- Boundaries since 2024
- Boundary of Goole and Pocklington in Yorkshire and the Humber
- County: East Riding of Yorkshire
- Major settlements: Goole, Pocklington, Howden, Snaith

Current constituency
- Created: 2024
- Member of Parliament: David Davis (Conservative)
- Seats: One
- Created from: Haltemprice and Howden; Brigg and Goole (part); East Yorkshire (part);

= Goole and Pocklington =

UK Parliament constituency (since 2024)

Goole and Pocklington is a constituency represented in the House of Commons of the UK Parliament. Further to the completion of the 2023 Periodic Review of Westminster constituencies, it was first contested at the 2024 general election. Its Member of Parliament (MP) is David Davis of the Conservative Party, the former Brexit Secretary. Davis previously represented the predecessor constituencies of Boothferry from 1987 to 1997, and Haltemprice and Howden from 1997 to 2024.

== Constituency profile ==
Goole and Pocklington is a large rural constituency located in the East Riding of Yorkshire. Its largest town is Goole, which has a population of around 20,000. The town contains the Port of Goole, which is the country's largest inland port and handles £800 million worth of trade each year. Other settlements include the small towns of Pocklington, Snaith, Howden and Brough and the villages of Stamford Bridge, Holme-on-Spalding-Moor, Gilberdyke, South Cave, North Ferriby and Swanland. There is some deprivation in Goole but the rest of the constituency is generally affluent. The average house price is lower than the rest of the country but higher than the rest of Yorkshire.

Compared to the rest of the country, residents are older, more religious and have high levels of homeownership. They have average levels of education and high rates of household income and professional employment. White people made up 97% of the population at the 2021 census. Most of the constituency is represented by Conservatives at the local council, although Pocklington elected Liberal Democrats and some independents were elected in Howden and Goole. An estimated 59% of voters in the constituency supported leaving the European Union in the 2016 referendum, higher than the nationwide figure of 52%.

== Boundaries ==
The constituency contains the following electoral wards of the East Riding of Yorkshire:
- Dale, Goole North, Goole South, Howden, Howdenshire, Pocklington Provincial, Snaith, Airmyn, Rawcliffe & Marshland, South Hunsley, and Wolds Weighton (small part).

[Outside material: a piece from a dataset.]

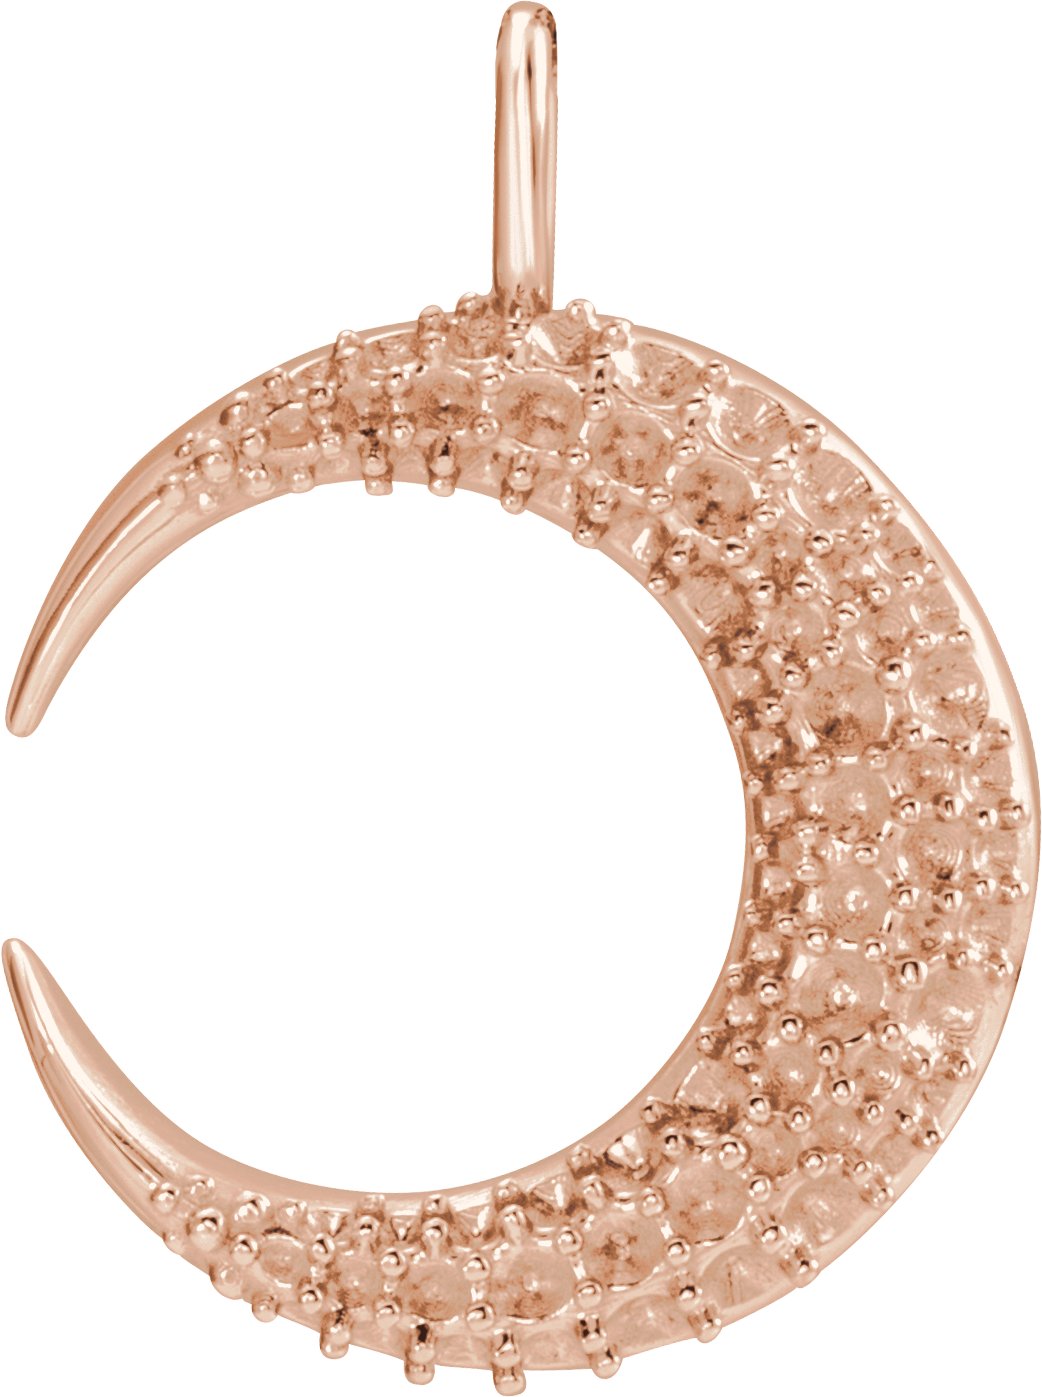 14K Rose Accented Crescent Moon Pendant Mounting
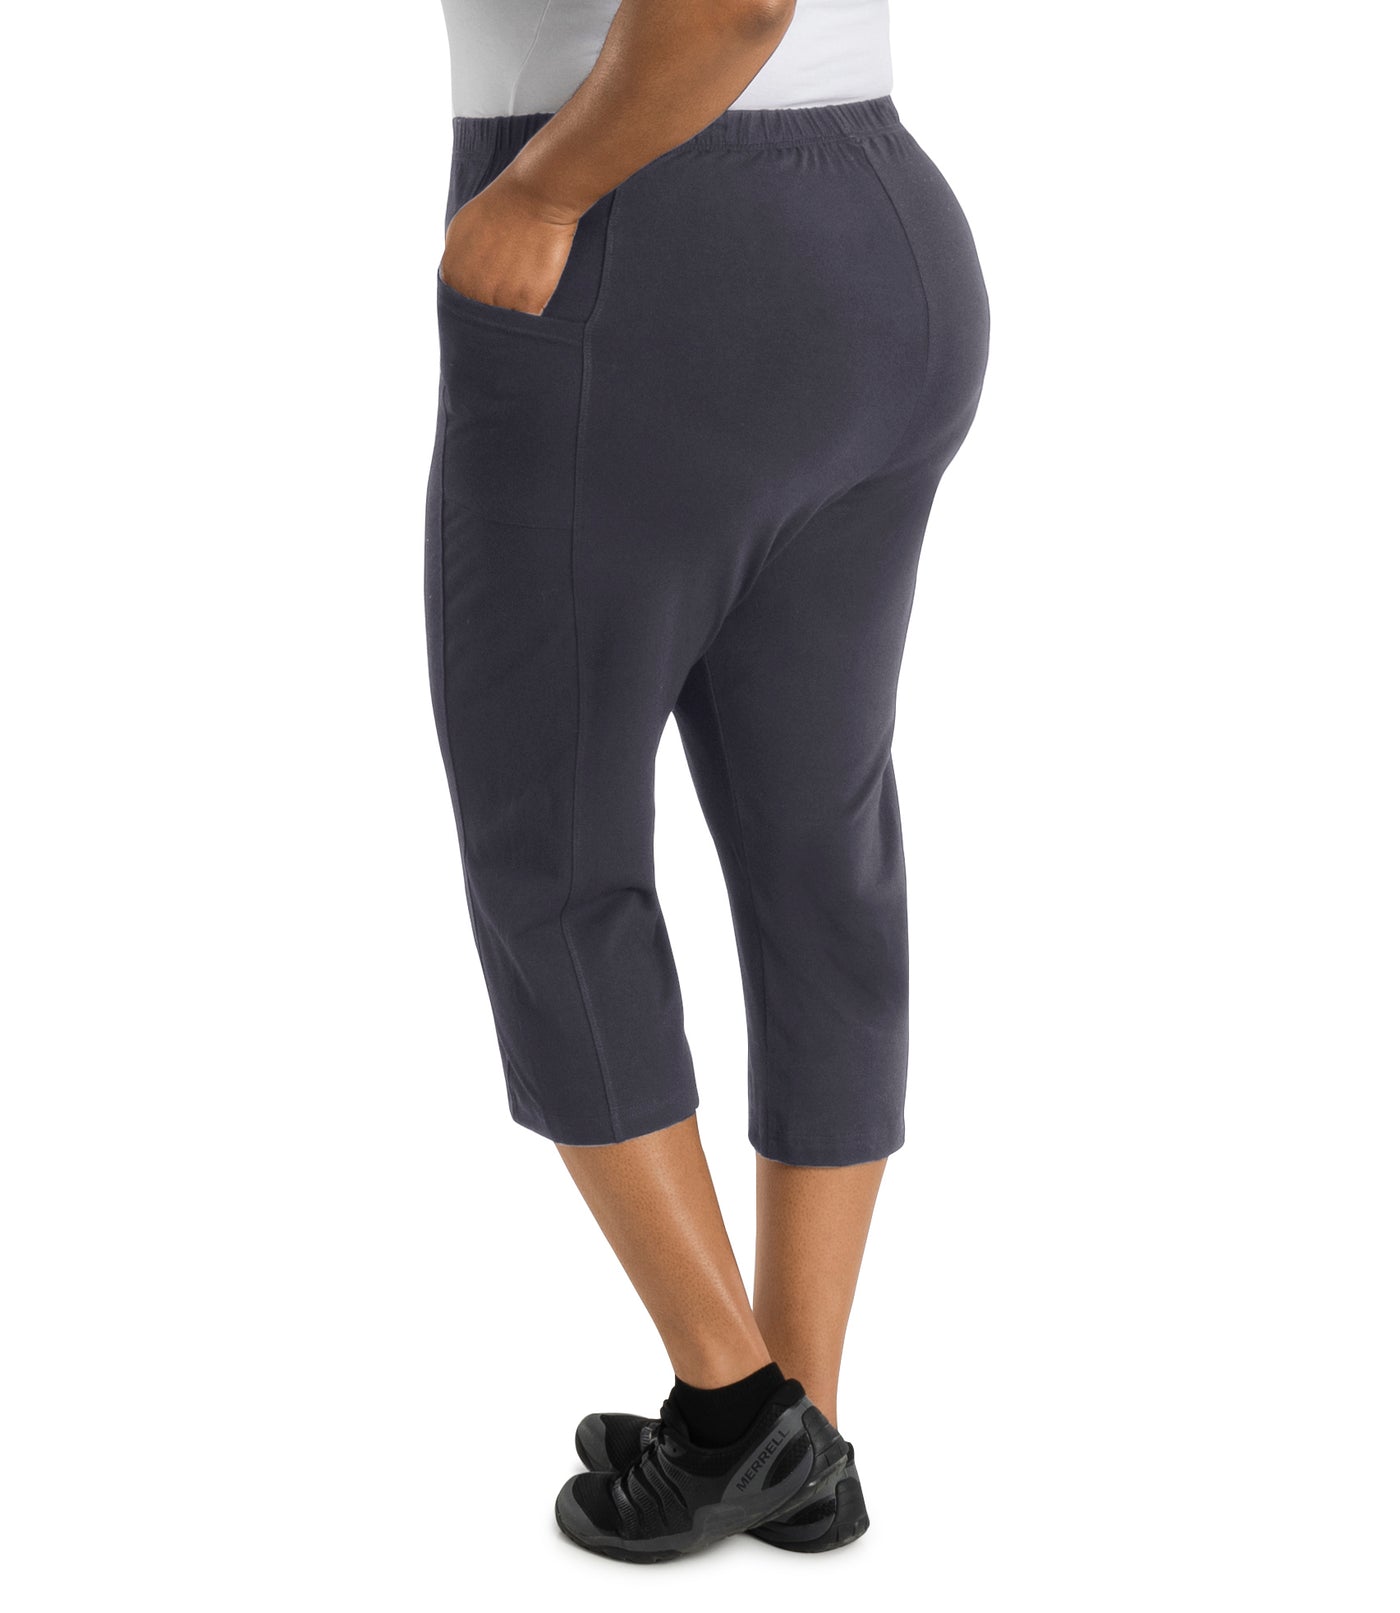 Plus size woman facing towards back, left hand in pocket, wearing JunoActive Stretch Naturals side pocket plus size capri pant bottom. The hemline comes to mid-calf and hugs the body without being skin tight. Color is oak gray.

It comprises the following areas:

- Goole and Snaith from the abolished seat of Brigg and Goole
- Pocklington from the East Yorkshire constituency (renamed Bridlington and the Wolds)
- Howden and North Ferriby, with rural areas to the north of the Humber in between, from the abolished constituency of Haltemprice and Howden (comprising half of the new seat's electorate)

==Members of Parliament==

Haltemprice and Howden prior to 2024

| Election |  | Member | Party |
|---|---|---|---|
|  | 2024 | David Davis | Conservative |

== Elections ==

=== Elections in the 2020s ===

General election 2024: Goole and Pocklington
| Party |  | Candidate | Votes | % | ±% |
|---|---|---|---|---|---|
|  | Conservative | David Davis | 18,981 | 38.2 | −26.9 |
|  | Labour | Liam Draycott | 15,409 | 31.0 | +10.6 |
|  | Reform | Rich Kelly | 9,054 | 18.2 | N/A |
|  | Liberal Democrats | Dale Richard Needham | 3,380 | 6.8 | −1.0 |
|  | Green | Angela Stone | 2,451 | 4.9 | +1.0 |
|  | Independent | Shona Wade | 467 | 0.9 | N/A |
| Majority |  |  | 3,572 | 7.2 | −37.5 |
| Turnout |  |  | 49,742 | 63.5 | −1.9 |
| Registered electors |  |  | 78,287 |  |  |
|  | Conservative hold |  | Swing | −18.8 |  |

===Elections in the 2010s===

2019 notional result
| Party |  | Vote | % |
|  | Conservative | 32,492 | 65.1 |
|  | Labour | 10,190 | 20.4 |
|  | Liberal Democrats | 3,882 | 7.8 |
|  | Green | 1,950 | 3.9 |
|  | Yorkshire | 1,387 | 2.8 |
| Turnout |  | 49,901 | 65.4 |
| Electorate |  | 76,337 |

==See also==
- List of parliamentary constituencies in Humberside
- List of parliamentary constituencies in the Yorkshire and the Humber (region)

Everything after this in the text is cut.